Sulh hukuk mahkemeleri, dava konusunun değer veya tutarına bakılmaksızın, kiralanan taşınmazların, 9/6/1932 tarihli ve 2004 sayılı İcra ve İflas Kanununa göre ilamsız icra yoluyla tahliyesine ilişkin hükümler ayrık olmak üzere, kira ilişkisinden doğan alacak davaları da dâhil olmak üzere tüm uyuşmazlıkları konu alan davalar ile bu davalara karşı açılan davaları görürler. (HMK md.4/1-a)
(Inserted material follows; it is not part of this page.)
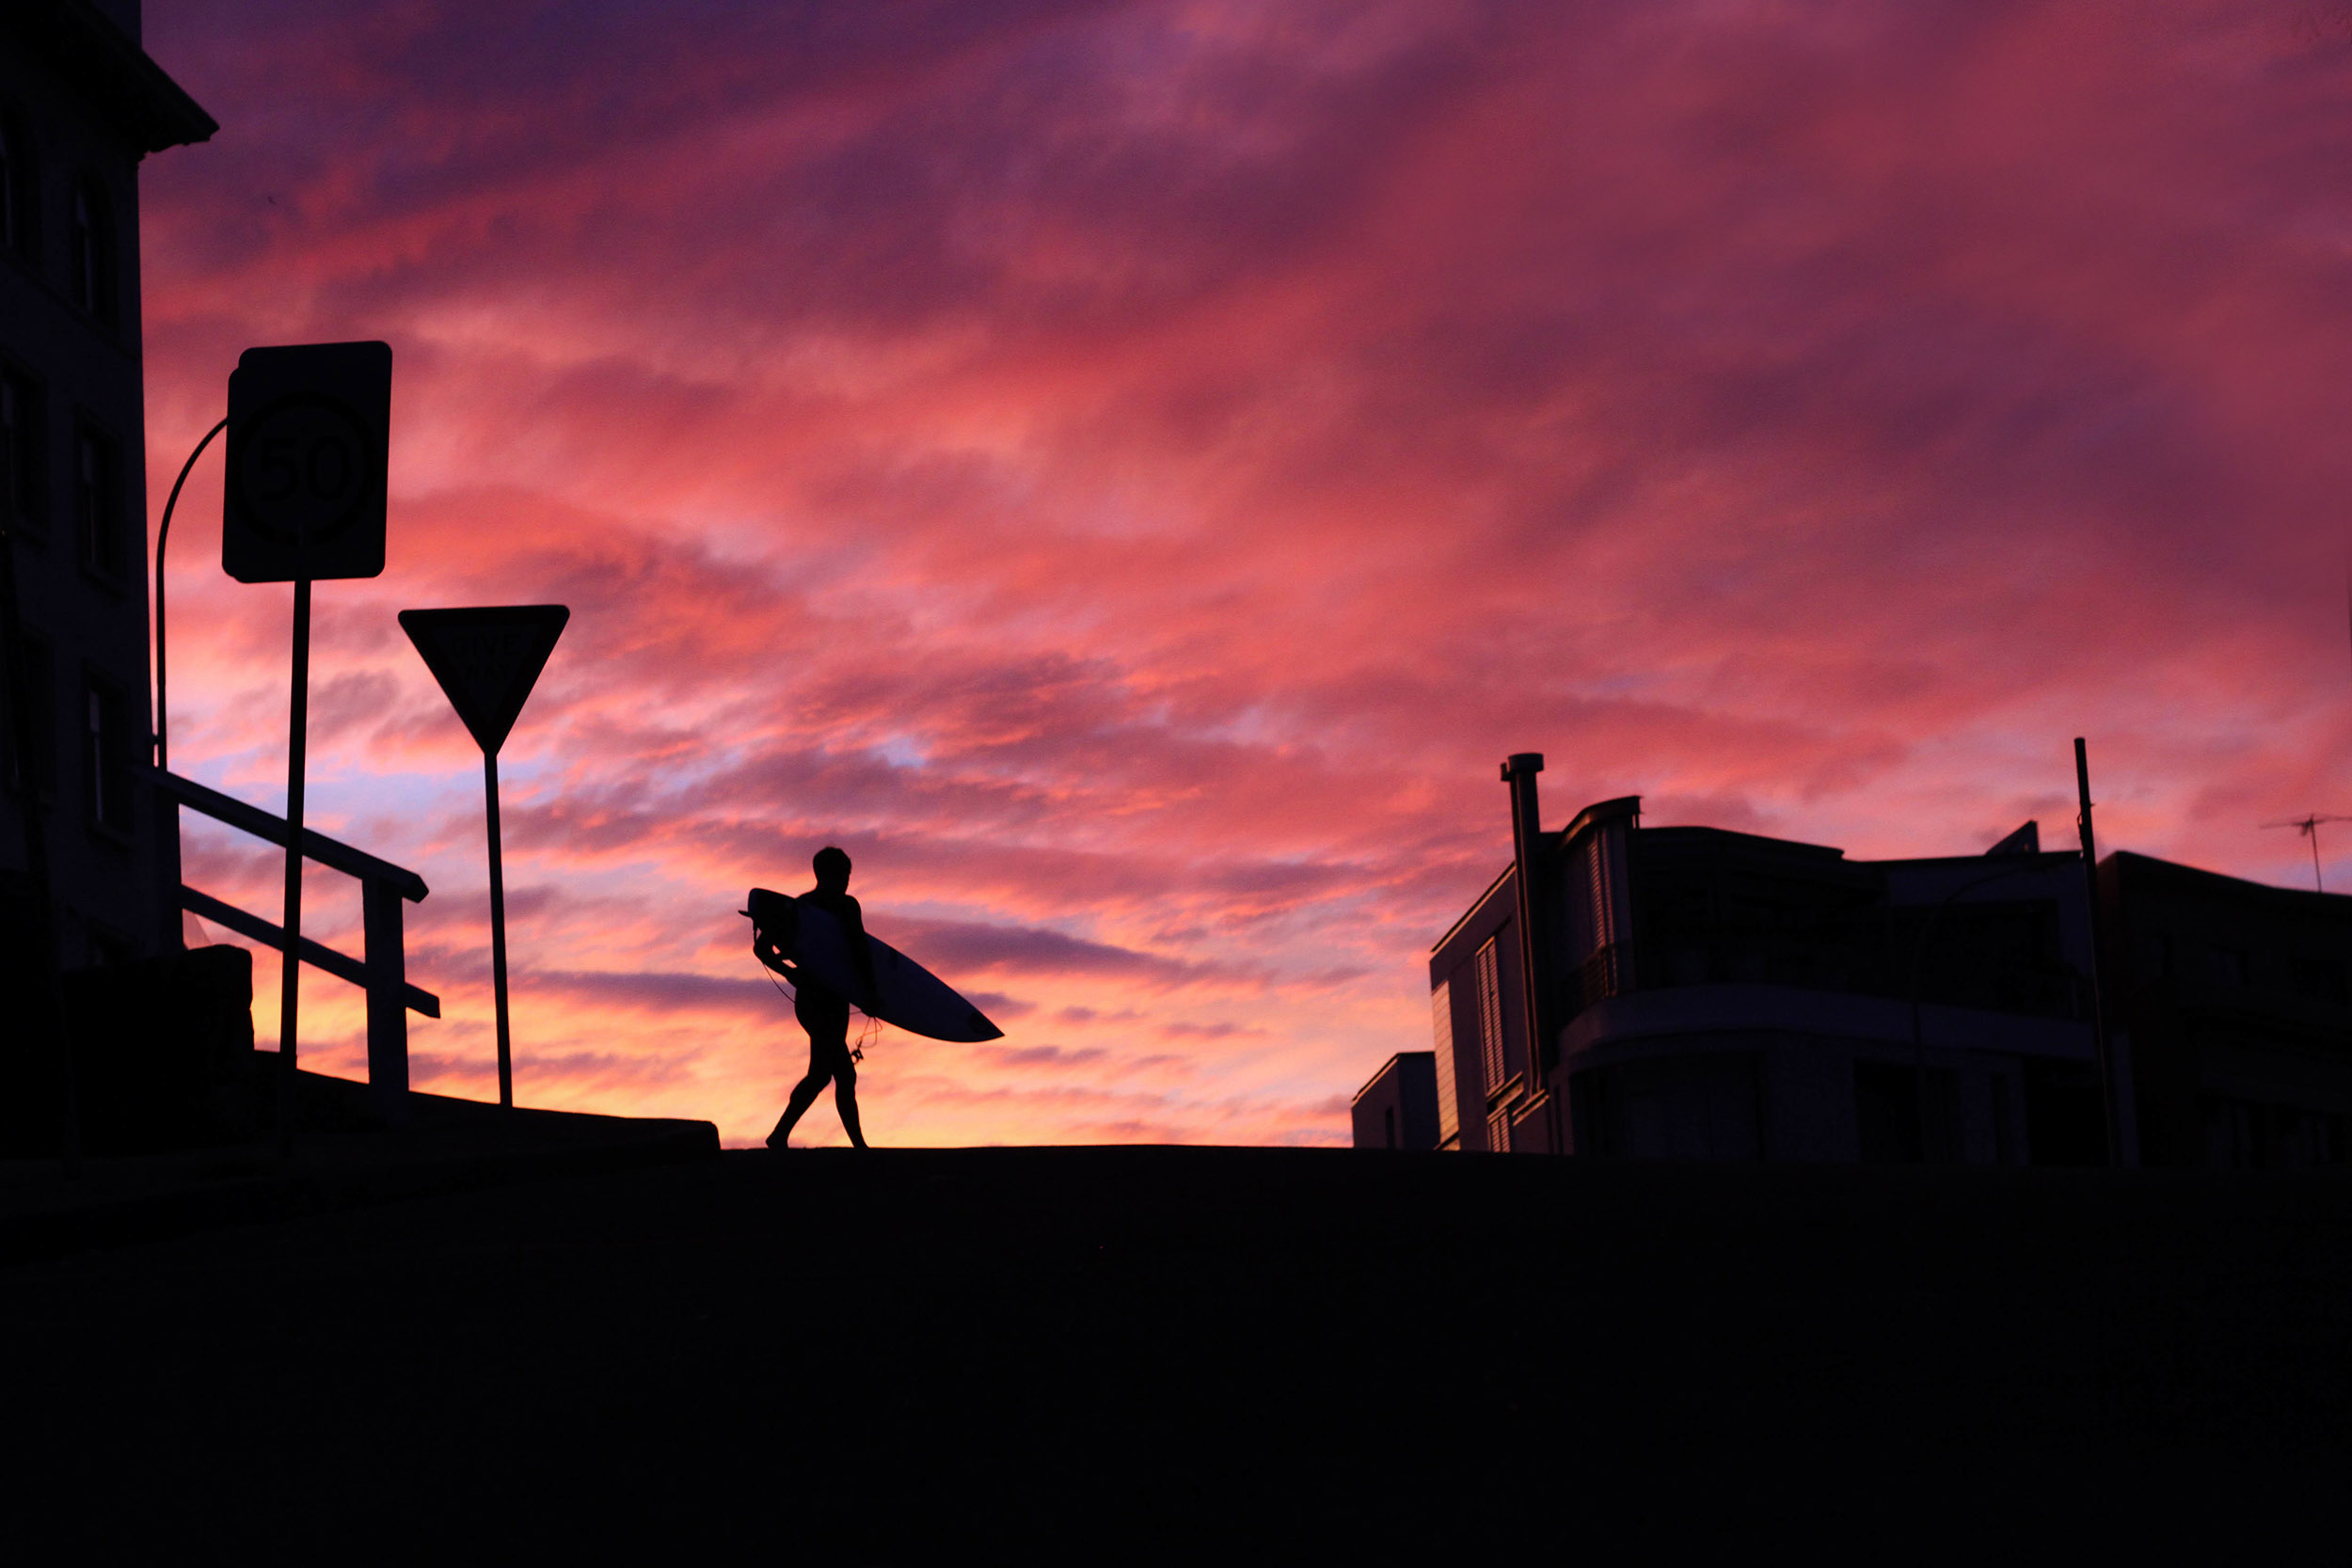 Surfer holding surfboard silhouetted against fiery red sunset sky walking across the pier in Bondi Beach

Yargı yetkisini, Anayasanın 9. Maddesine göre, Türk Milleti adına kullanan Mahkememizce, uyuşmazlık konusu hakkında, yapılan yargılama sonunda(Ay. m.141); toplanan deliller, araç kiralama sözleşmesi, araç teslim tutanağı, İstanbul Anadolu 14. İcra Müdürlüğünün ….. Esas sayılı dosyası iddia ve savunmalar ile tüm dosya mündericatı incelenip hep birlikte değerlendirildiğinde;
davacının davalıdan 22/03/2016 tarihli oto kiralama sözleşmesi ile araç kiraladığı ve kiralanan…..plakalı aracın 22/03/2016 tarihli 0 araç teslim tutanağı ile davacıya teslim edildiği, taraflar arasındaki ilişkinin araç kiralama sözleşmesinden kaynaklandığı, kira ilişkisinden doğan her türlü davanın 6100 sayılı HMK’nın 4/1-a maddesi gereğince sulh hukuk mahkemesinin görev alanında olduğu, her ne kadar 6102 sy TTK.nu 6100 sy HMK.dan sonra yürürlüğe girmiş ise de HMK.nun 4/1-a maddesi özel nitelikte bir düzenleme içerdiğinden görevin kira sözleşmelerinde görevli mahkeme olan Sulh Hukuk Mahkemesine(HMK m.4) ait olduğu sonuç ve vicdani kanaatine(Ay. m.138) varılarak yargılama harç ve giderleri görevli mahkemede değerlendirilmek üzere Mahkememizin görevsizliğine karar vermek gerekmiş ve aşağıdaki şekilde hüküm tesis edilmiştir.
TÜRK MİLLETİ ADINA
HÜKÜM: Gerekçesi yukarıda açıklandığı üzere;
1-Mahkememizin GÖREVSİZLİĞİNE, bu nedenle 6100 sayılı HMK’nın 115/2. Maddesi uyarınca dava şartı noksanlığından davanın usulden REDDİNE,
2-Taraflardan birinin, karar süresi içinde kanun yoluna başvurulmayarak kesinleşmiş ise kararın kesinleştiği tarihten; kanun yoluna başvurulmuşsa bu başvurunun reddi kararının tebliğ tarihinden itibaren iki hafta içinde Mahkememize başvurarak, dava dosyasının görevli mahkemeye gönderilmesini talep etmesi halinde dosyanın görevli İSTANBUL ANADOLU NÖBETÇİ SULH HUKUK MAHKEMESİ’ne gönderilmesine,
3-Yasal süre içinde Mahkememize başvurarak, dava dosyasının görevli mahkemeye gönderilmesi talep edilmediği takdirde, Mahkememize davanın açılmamış sayılmasına karar verileceğinin iş bu kararın tefhim/tebliği ile İHTARINA,
4-Dava dosyasının talep üzerine gönderilmesi halinde yargılama giderlerine görevli mahkemece hükmedilmesine,
Dair, tarafların yokluğunda, gerekçeli kararın taraflara tebliğinden itibaren 2 hafta içerisinde mahkememize veya mahkememize gönderilmek üzere bulunulan yer yada başka bir yer Asliye Ticaret Mahkemesine verilecek bir dilekçe ile başvurmak ve istinaf harç ve masraflarını karşılamak koşulu ile İstanbul Bölge Adliye Mahkemesi’ne istinaf yolunun açık olduğu, istinaf dilekçesinde istinaf edilen hususlar ile nedenlerinin belirtilmesinin gerektiği, süresi içerisinde kararın istinaf edilmemesi halinde hükmün kesinleşeceği ve infaz edilebileceği açıklanmak suretiyle açık duruşmada verilen karar açıkça okunup usulen anlatıldı.